Your task is to copy the lines from the line containing "Double A by" through the end of the listing below, both included, without any pictures.

■ DATA EXTRACT

^^^^^^^^^^^^^^^^

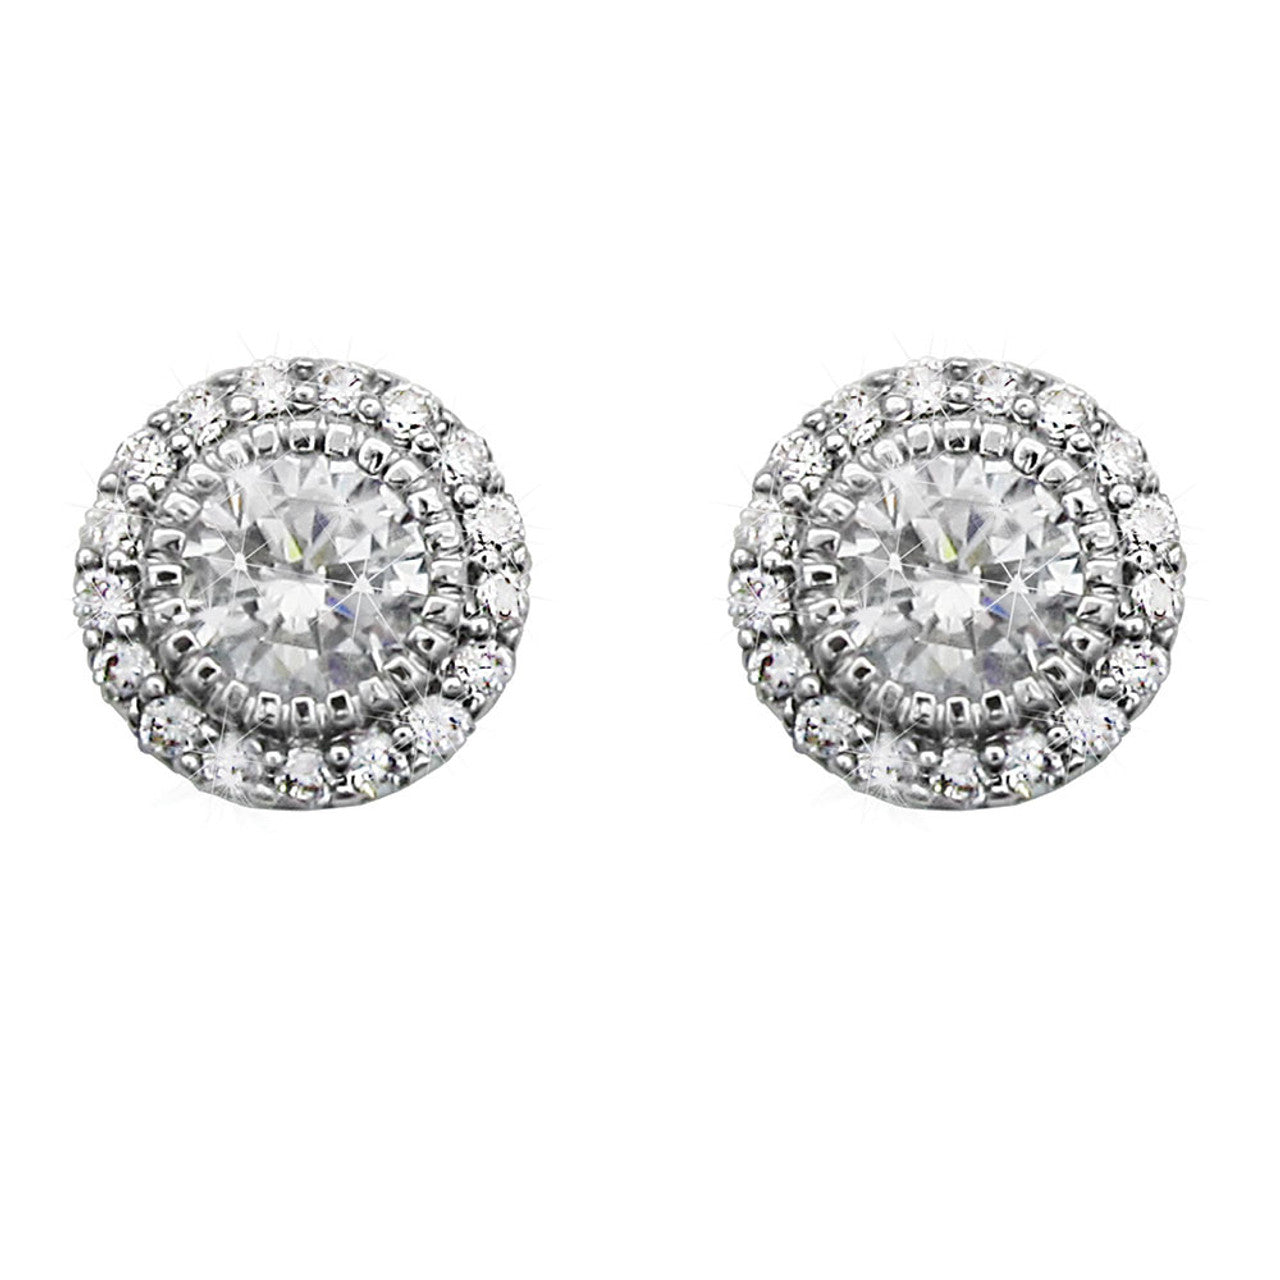 Tipperary Crystal Silver Stud Cz With Pave Surround Earrings  Perfect for day or evening wear, these elegant crystal post earrings will add sparkle with every turn of the head. Fashioned in timeless silver, each earring features a round cz stone, cut to sparkle and shimmer, wrapped in an embrace of tiny clear crystal accents. A radiant marriage of crystals and cool silver, brilliantly buffed these post earrings secure comfortably with push backs.
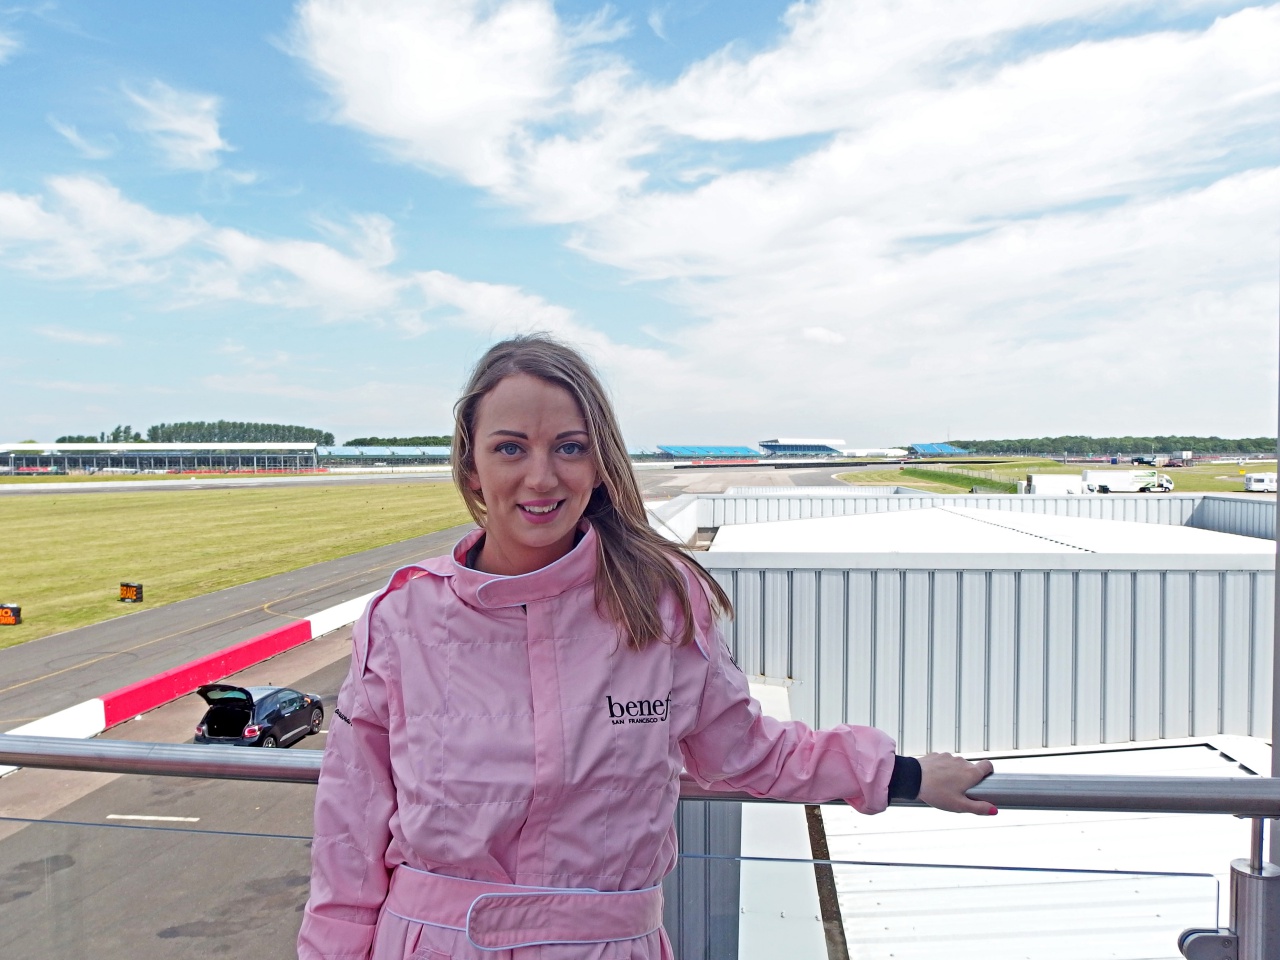 Benefit Beauty Blogger Race At Silverstone
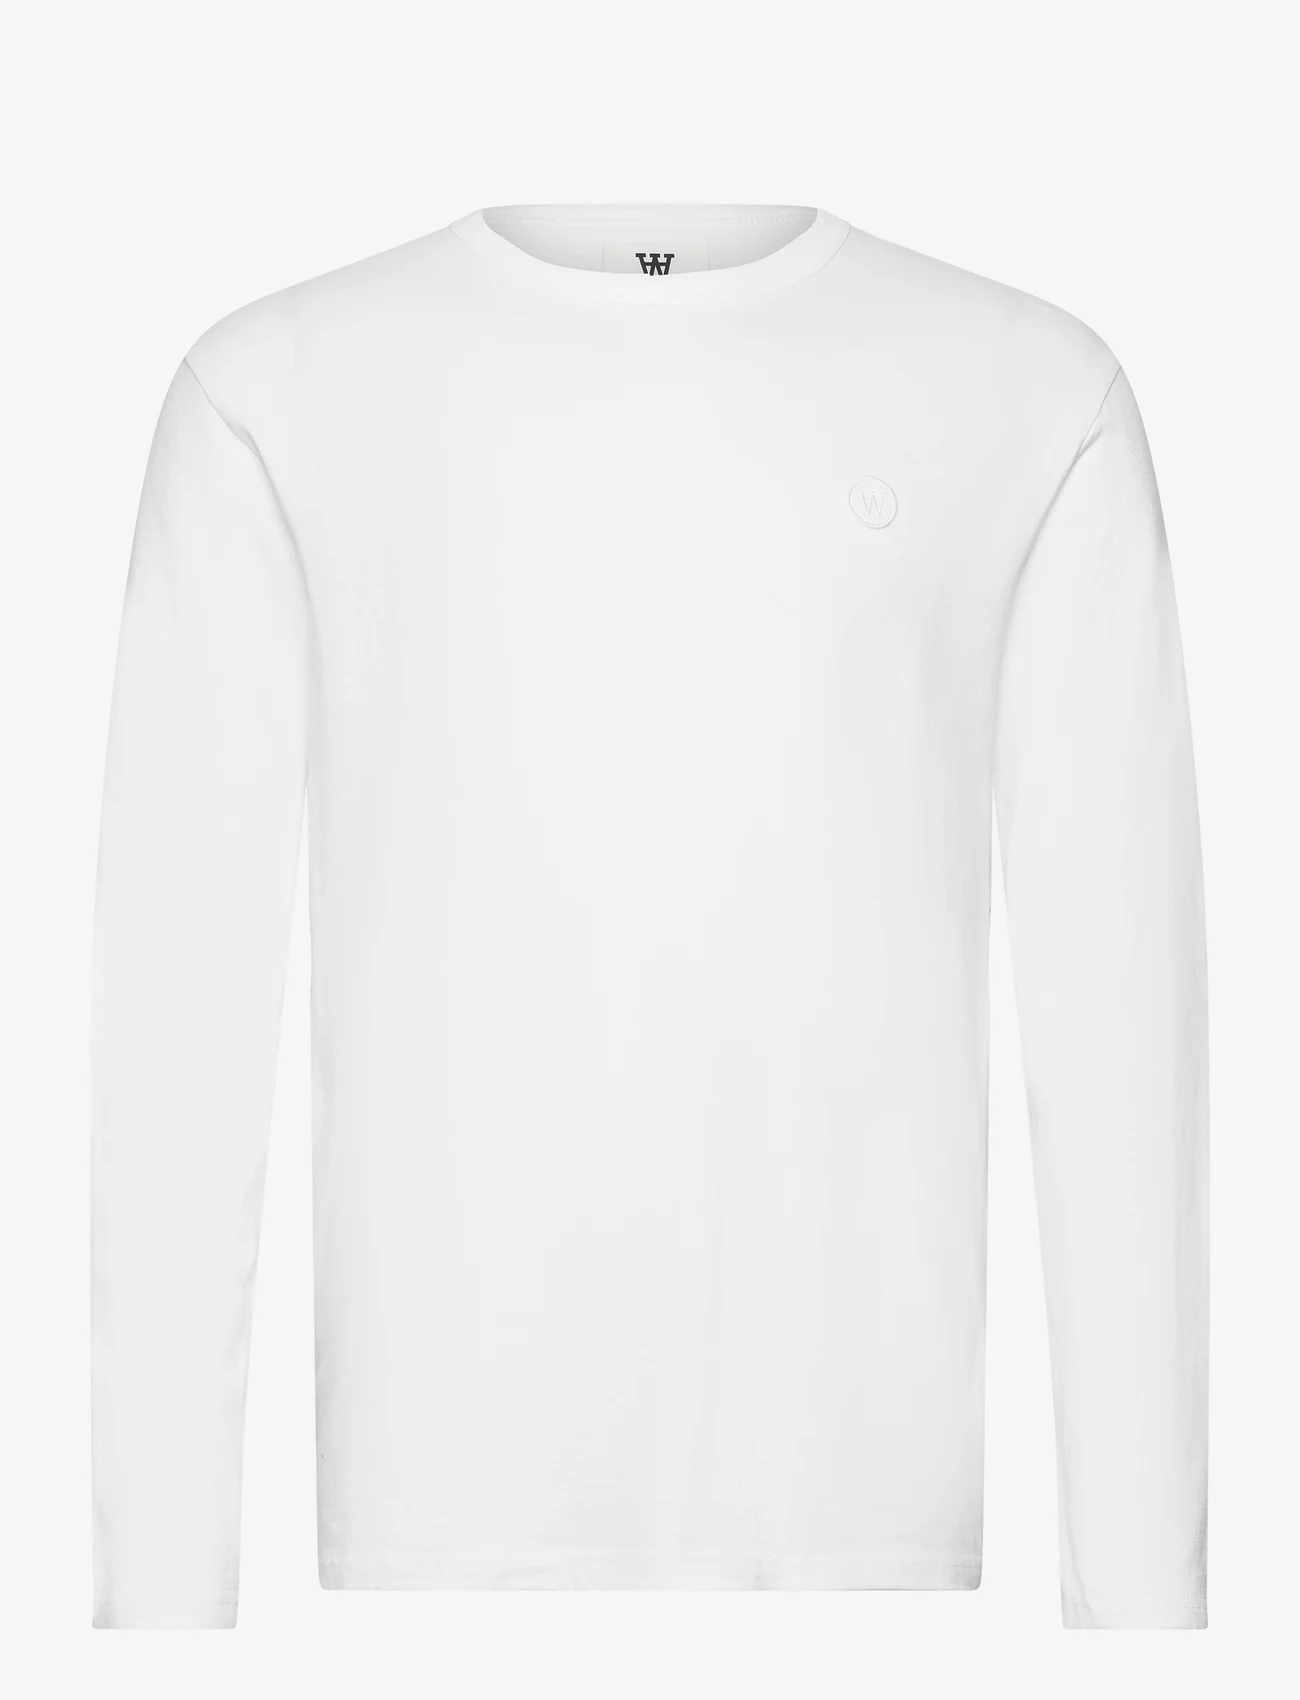 Double A by Wood Wood - Mel long sleeve GOTS - t-shirts - white/white - 0
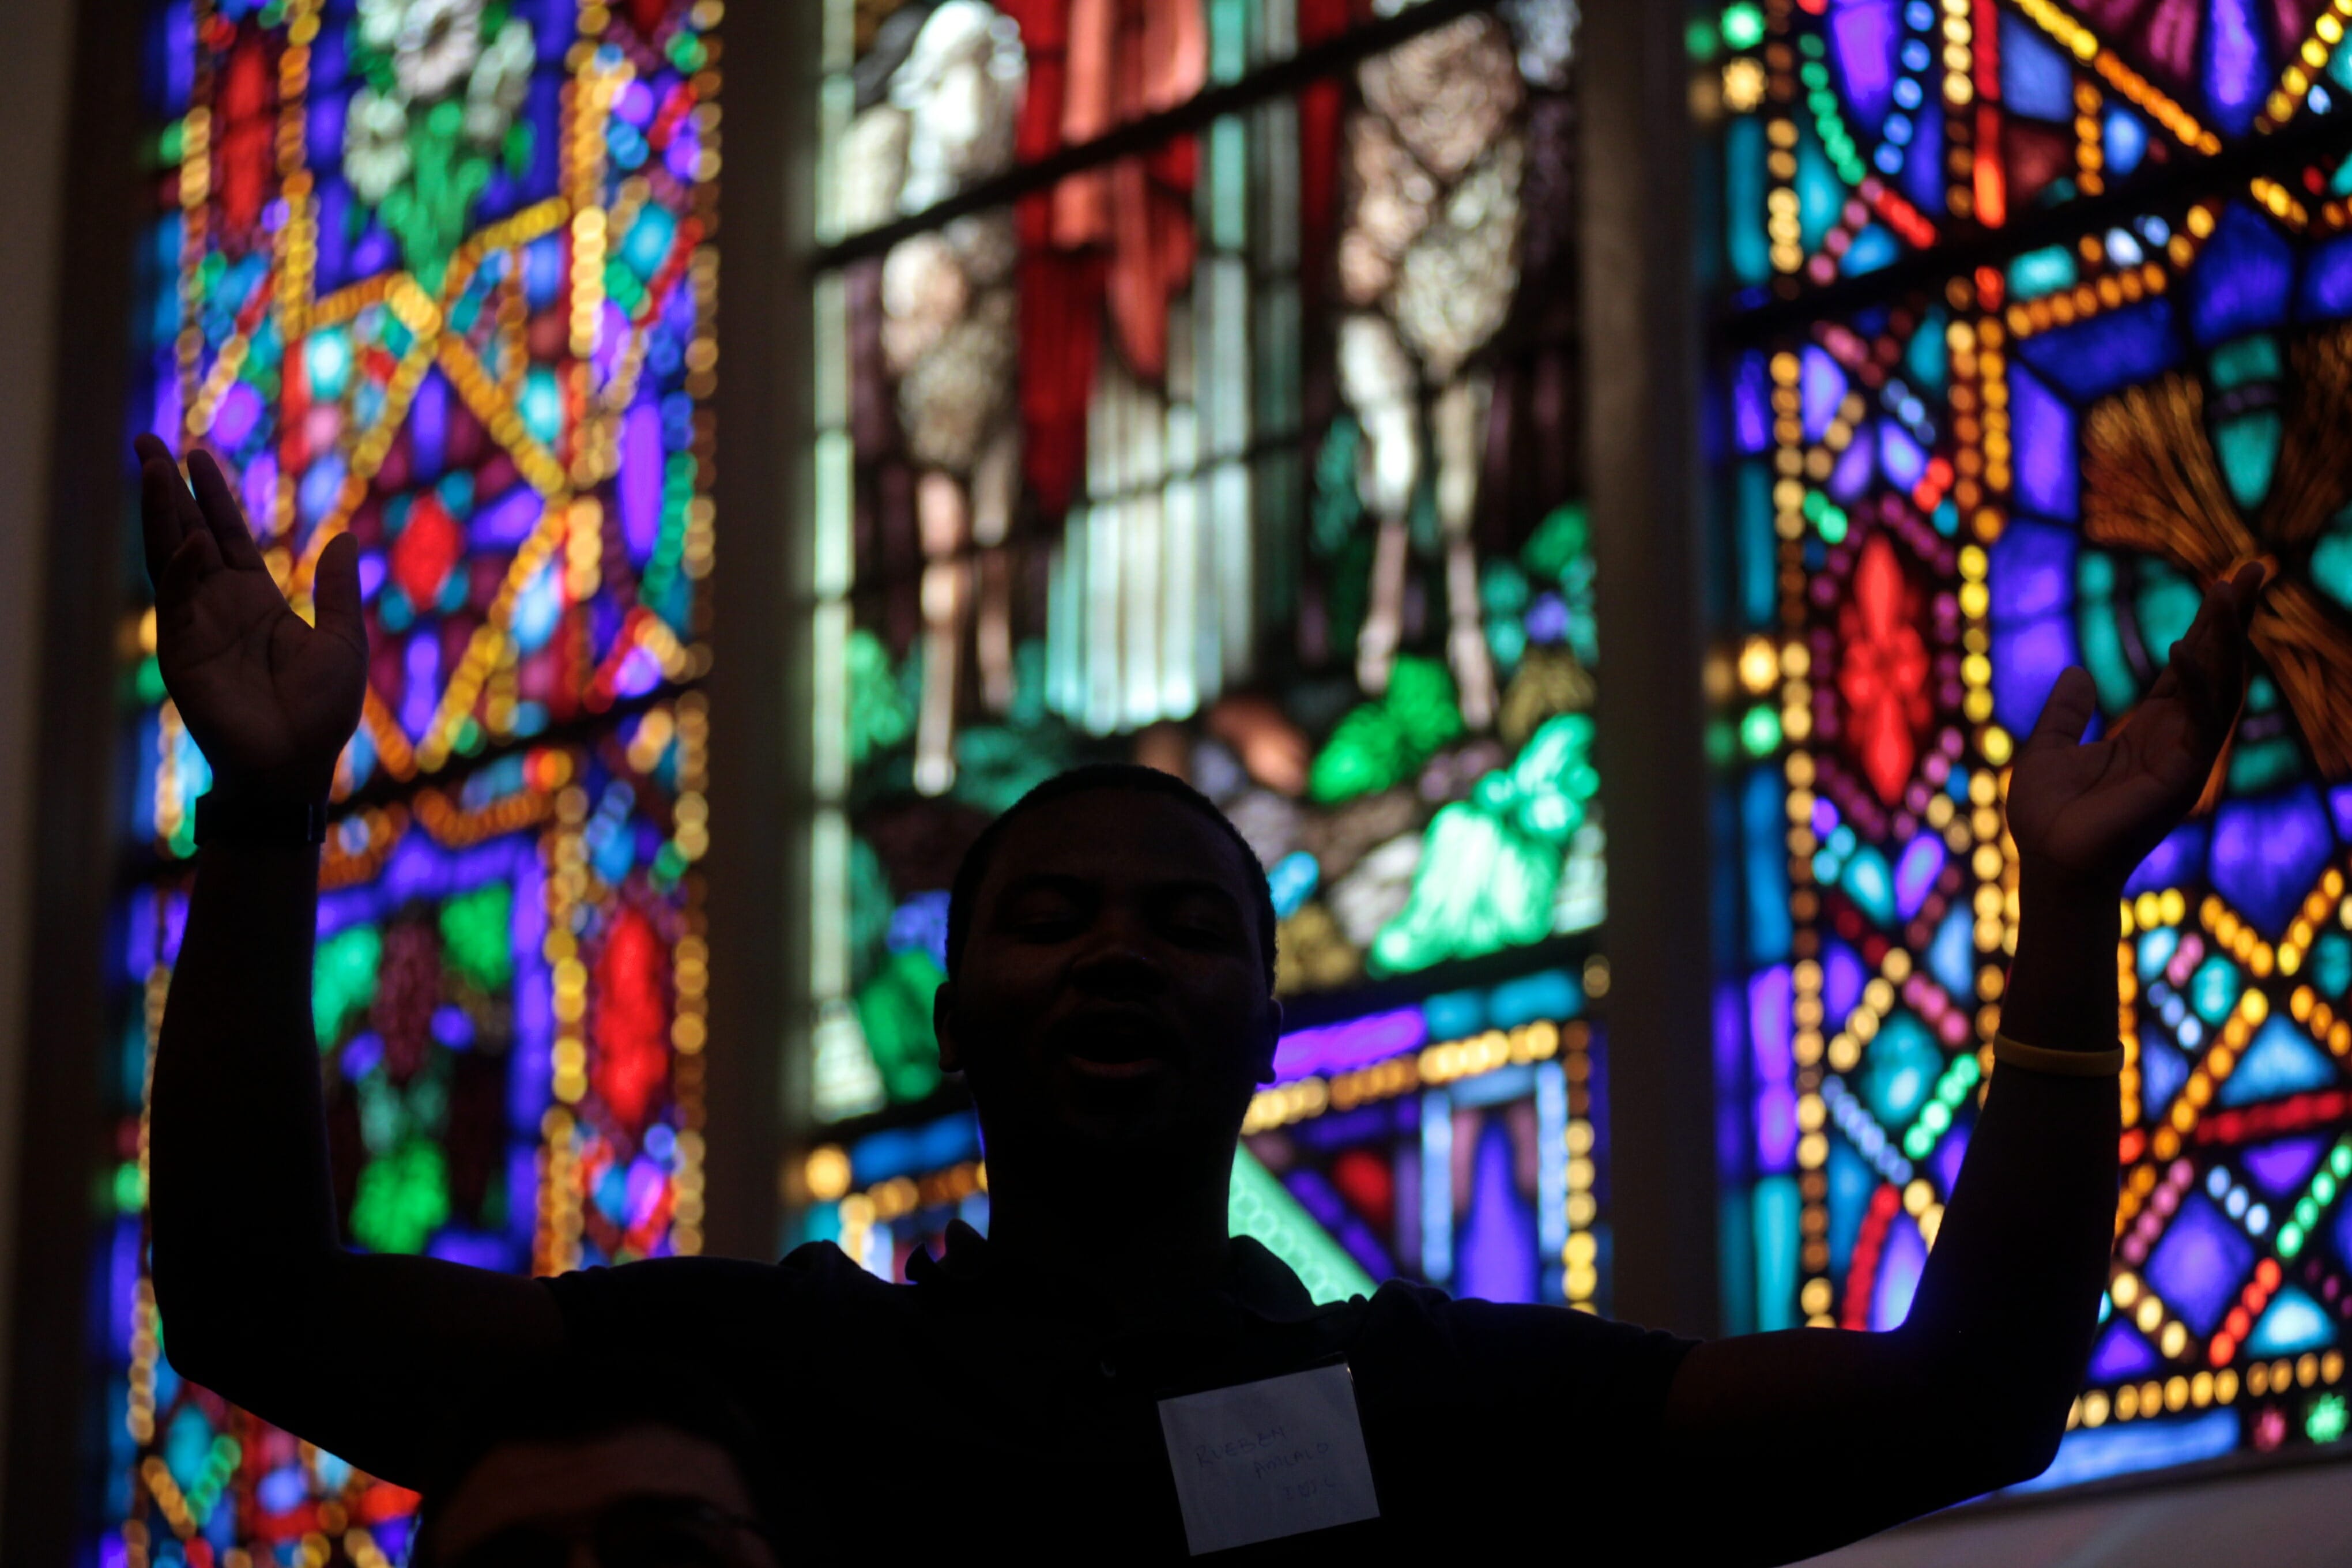 The Three Phases of Rare Racial Reconciliation in Churches: From Cordial to Messy to Real

^^^^^^^^^^^^^^^^

■ ANSWER BOX
 Double A by Wood Wood - Mel long sleeve GOTS - t-shirts - white/white - 0
 The Three Phases of Rare Racial Reconciliation in Churches: From Cordial to Messy to Real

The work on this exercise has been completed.